Mitsubishi Motors Navigates Challenges in FY2024 Amid Global Market Shifts
Mitsubishi Motors Corporation (MMTOF) closed its fiscal year 2024 (April 2024–March 2025) with mixed results, reflecting both the resilience of its new product launches and the persistent headwinds of a fiercely competitive global automotive market. While the company posted a modest increase in sales volume and maintained a focus on electrification, profitability suffered significantly due to cost pressures, currency fluctuations, and uneven regional demand.
Financial Performance: Profitability Under Pressure
Mitsubishi’s FY2024 financials highlighted a stark trade-off between volume growth and margin contraction. Total revenue reached ¥2,788.2 billion, virtually flat year-over-year, while operating profit plunged 27% to ¥138.8 billion, and net income collapsed 74% to ¥41.0 billion. The profit margin narrowed to a mere 1.5%, down from 5.5% in FY2023, underscoring the strain of rising costs and competitive pricing in key markets like the U.S. and Thailand.

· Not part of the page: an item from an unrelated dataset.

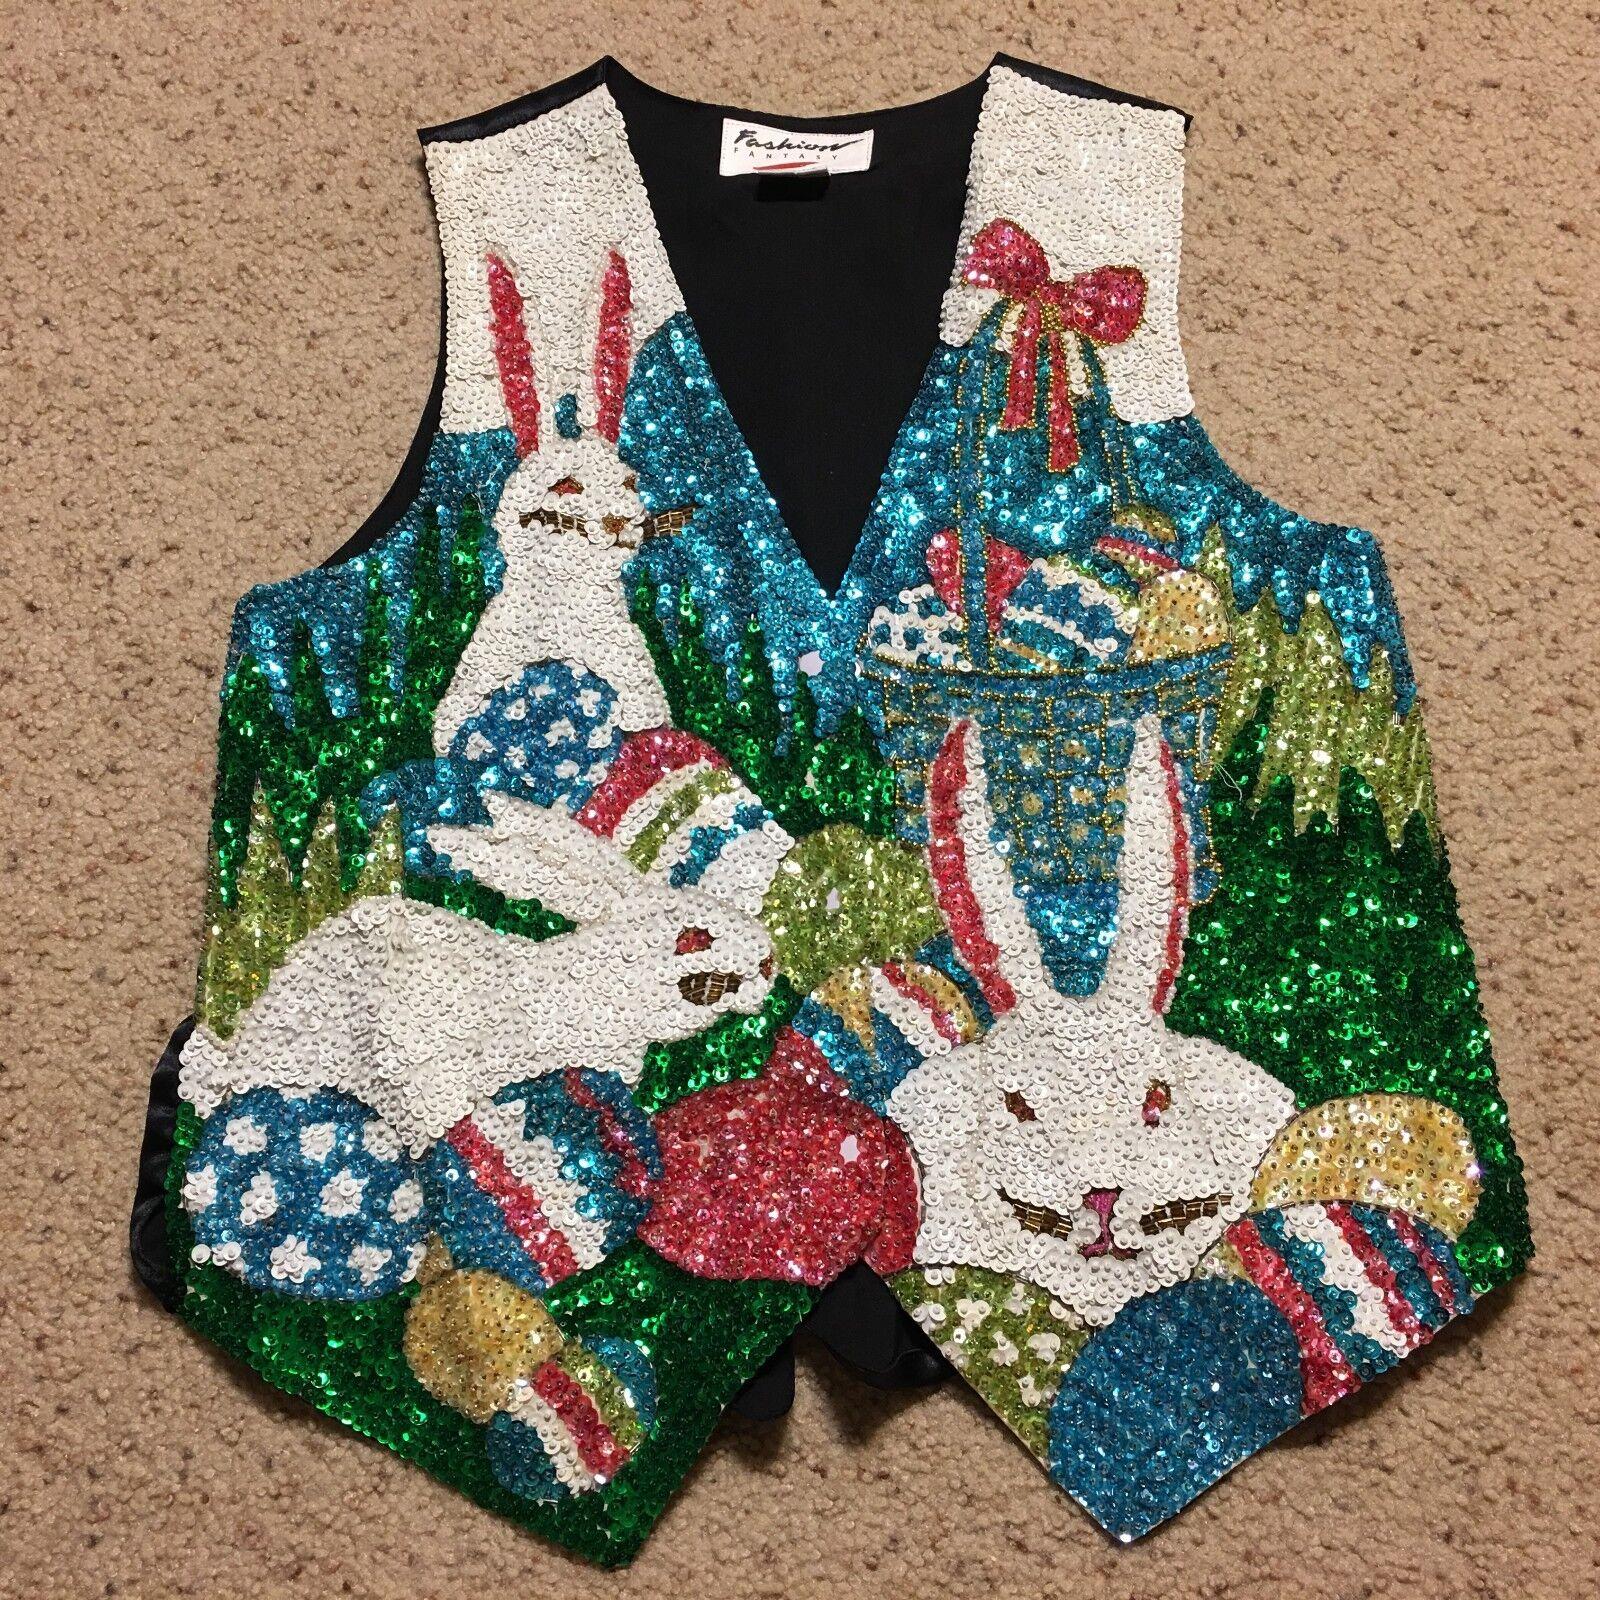 Fashion Fantasy Womens Size S Vest Easter Rabbits Eggs Sequin Vintage c

The company’s EPS fell to ¥28.70, missing analyst expectations by 32%, even as revenue narrowly beat forecasts. Analysts attributed the weak bottom-line results to increased sales incentives, inflation-driven costs, and the appreciation of the Thai baht, which eroded margins in the latter half of the fiscal year.
Regional Performance: Growth in Core Markets, Struggles in ASEAN
Despite challenges, Mitsubishi’s sales volume grew 3.3% year-over-year to 842,000 units, driven by strong performances in its core markets:
- Japan: Domestic sales surged 6.9% to 117,486 units, fueled by new model launches like the upgraded Outlander PHEV and the compact Delica Mini. This marked the third consecutive year of growth in Japan.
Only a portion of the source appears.